__What is expected__. Only the lines below from the one containing "APC Rack Systems" through the last line should be set down, exactly as written and with no pictures.

__Material provided__.
========================
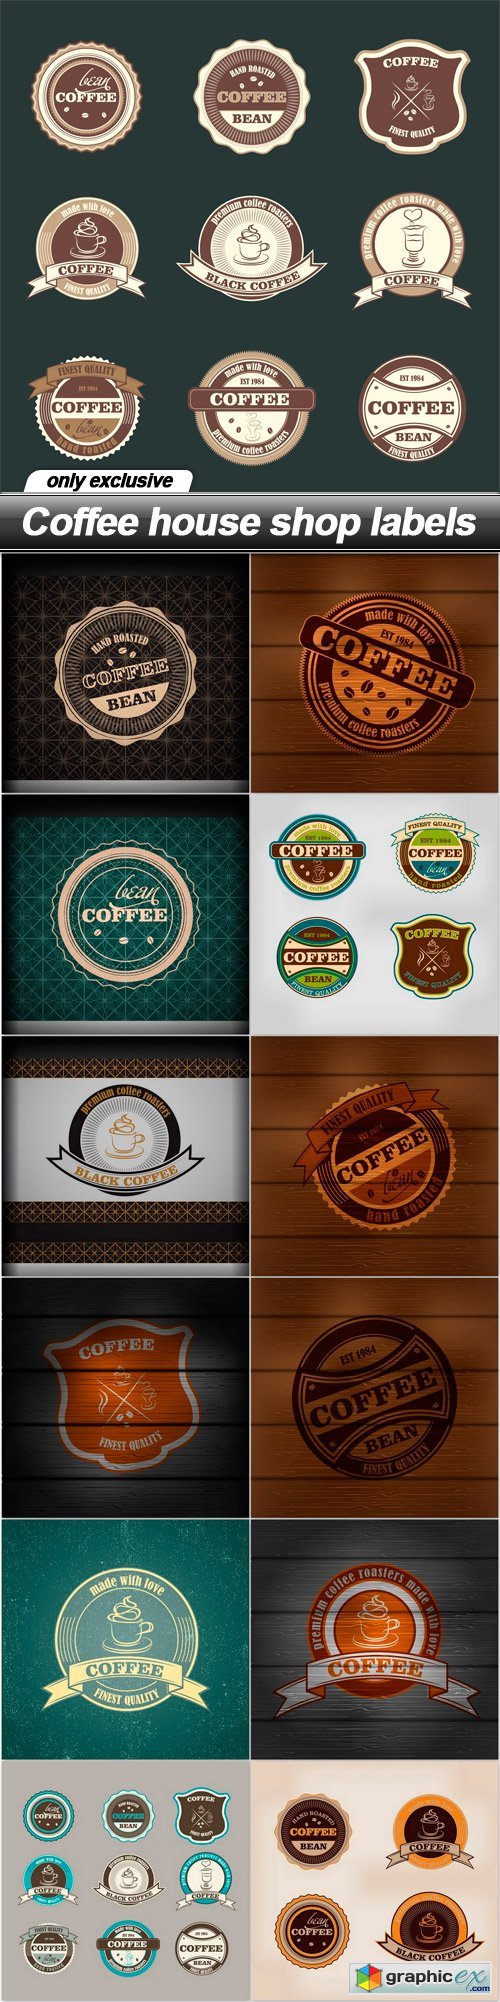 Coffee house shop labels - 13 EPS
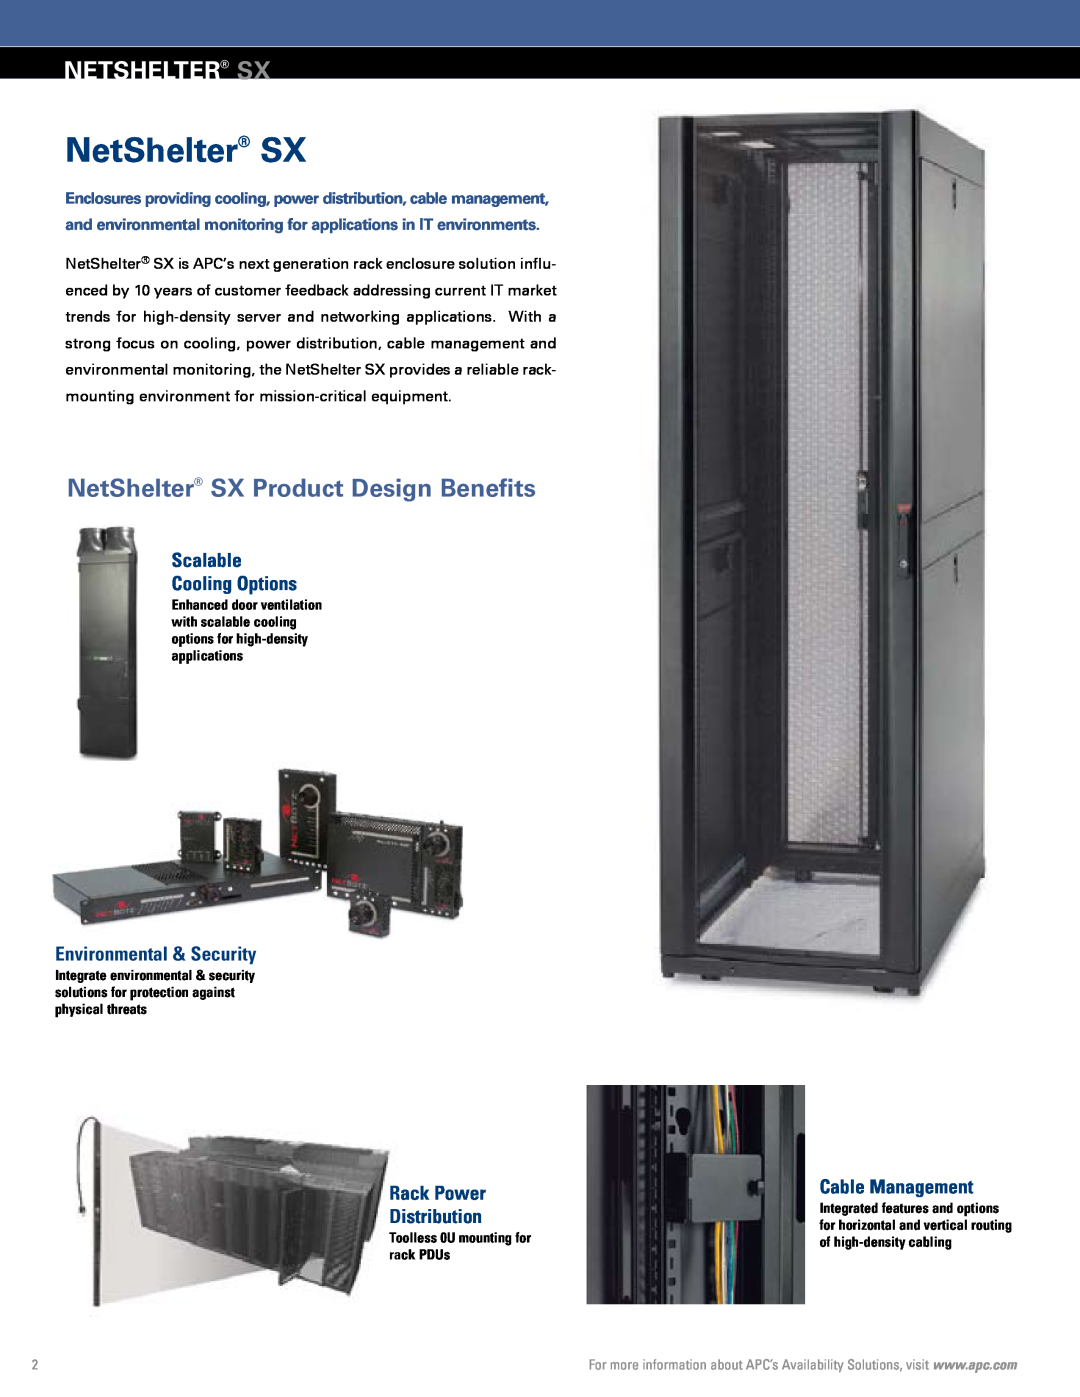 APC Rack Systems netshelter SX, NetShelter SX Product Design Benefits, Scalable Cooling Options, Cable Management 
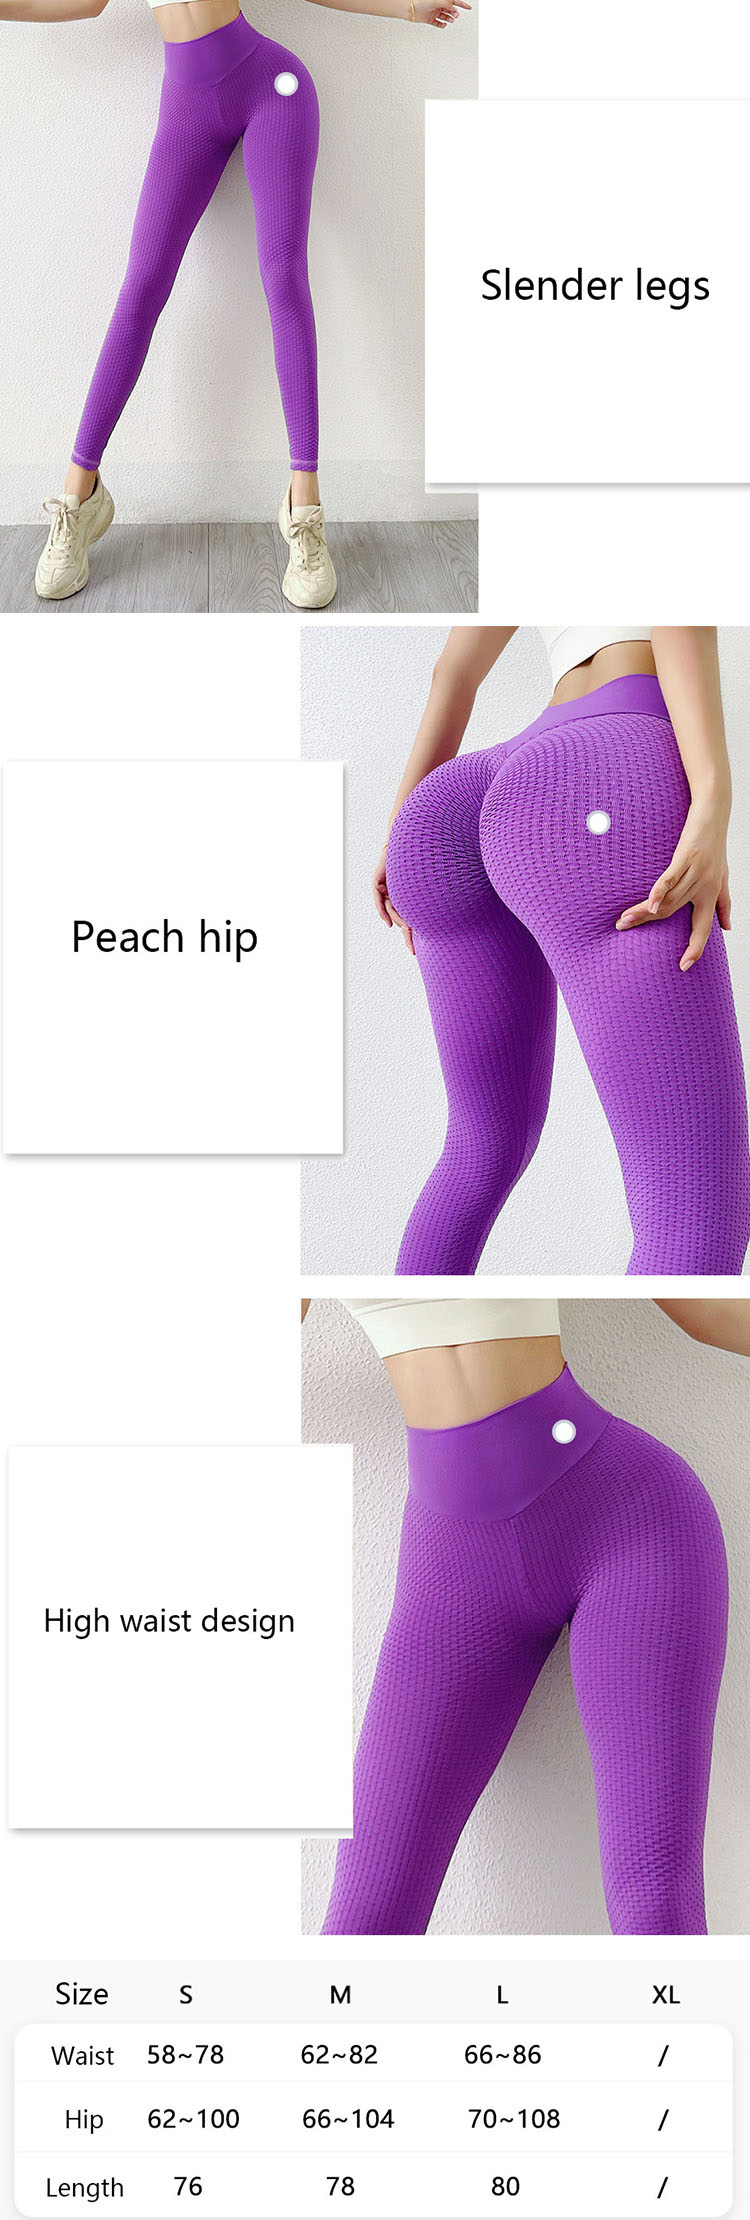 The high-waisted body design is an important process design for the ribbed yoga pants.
========================
__Your response__.
 APC Rack Systems netshelter SX, NetShelter SX Product Design Benefits, Scalable Cooling Options, Cable Management 
 The high-waisted body design is an important process design for the ribbed yoga pants.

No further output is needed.